WHAT IS NEEDED
Copy only what lies from the line containing "Gerard Joseph Malanga" through the line containing "Malanga was born" in the entries below, keeping both end lines exact and dropping every picture.

SUPPLIED ENTRIES
-- Opening Marker --

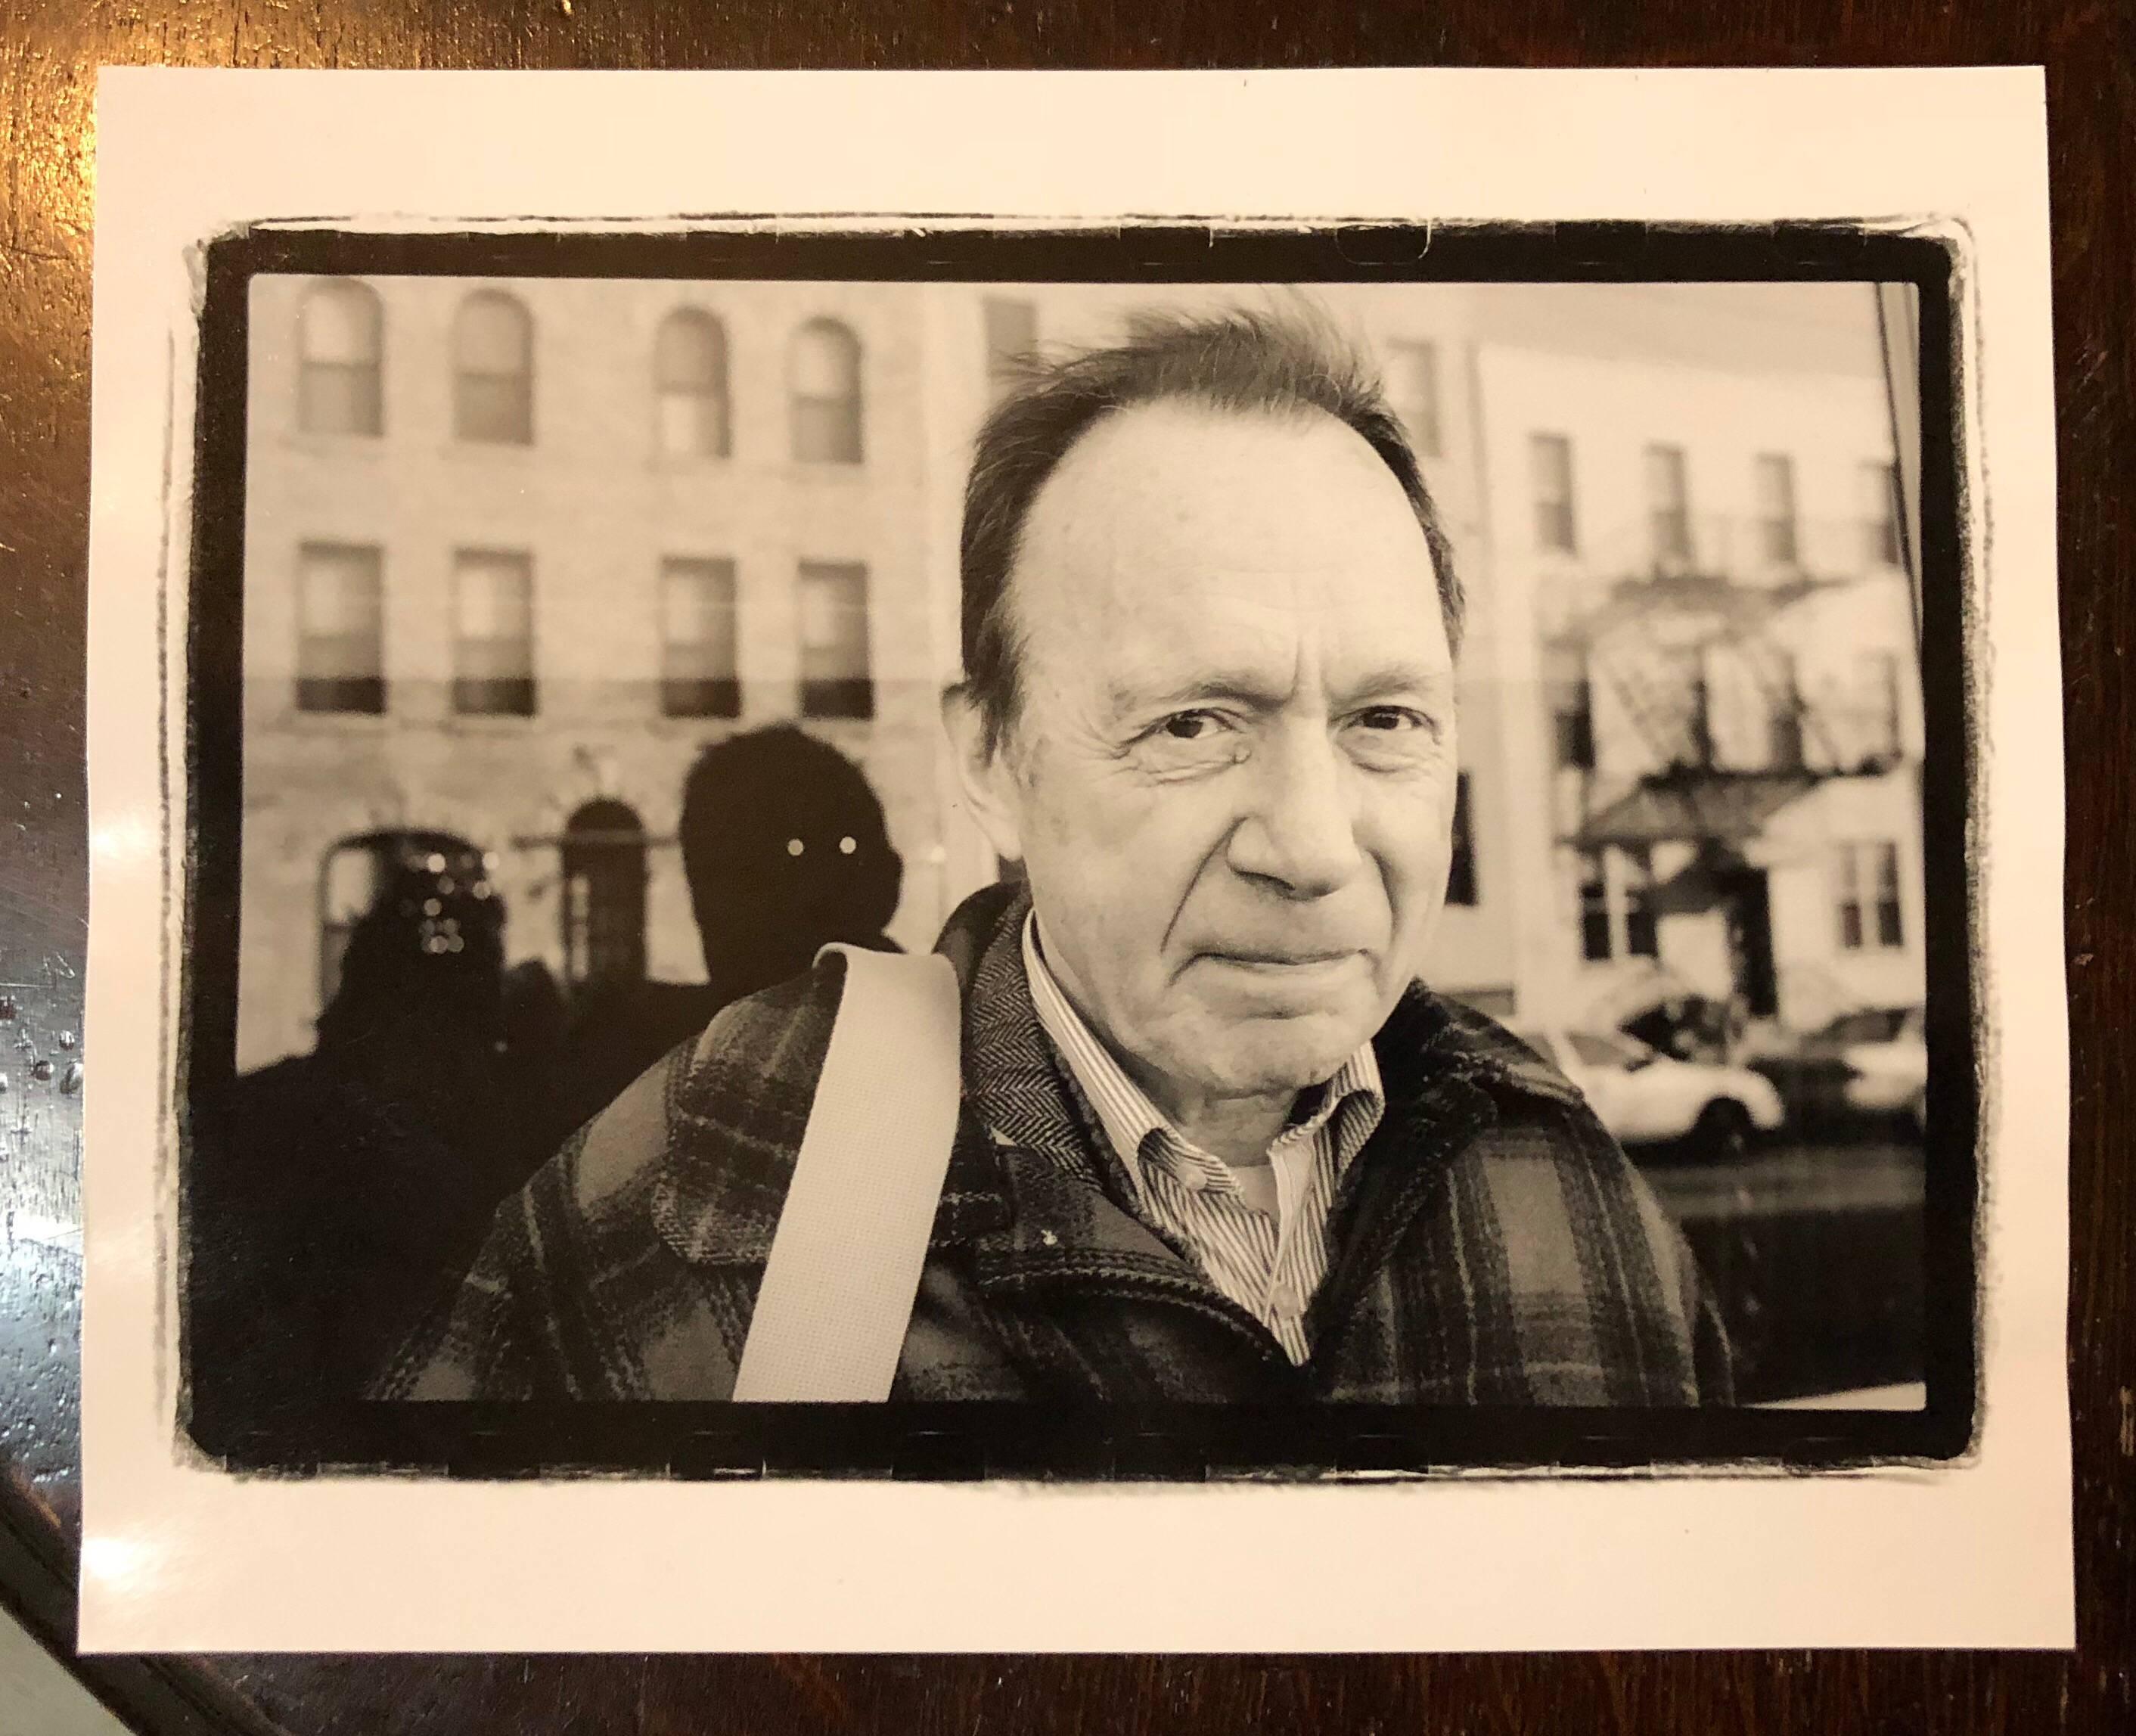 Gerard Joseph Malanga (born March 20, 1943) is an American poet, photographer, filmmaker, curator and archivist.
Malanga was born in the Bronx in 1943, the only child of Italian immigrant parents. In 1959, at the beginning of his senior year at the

-- Closing Marker --
-- Opening Marker --

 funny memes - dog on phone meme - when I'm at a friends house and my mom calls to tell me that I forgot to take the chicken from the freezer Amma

-- Closing Marker --

THE ANSWER
 Gerard Joseph Malanga (born March 20, 1943) is an American poet, photographer, filmmaker, curator and archivist.
Malanga was born in the Bronx in 1943, the only child of Italian immigrant parents. In 1959, at the beginning of his senior year at the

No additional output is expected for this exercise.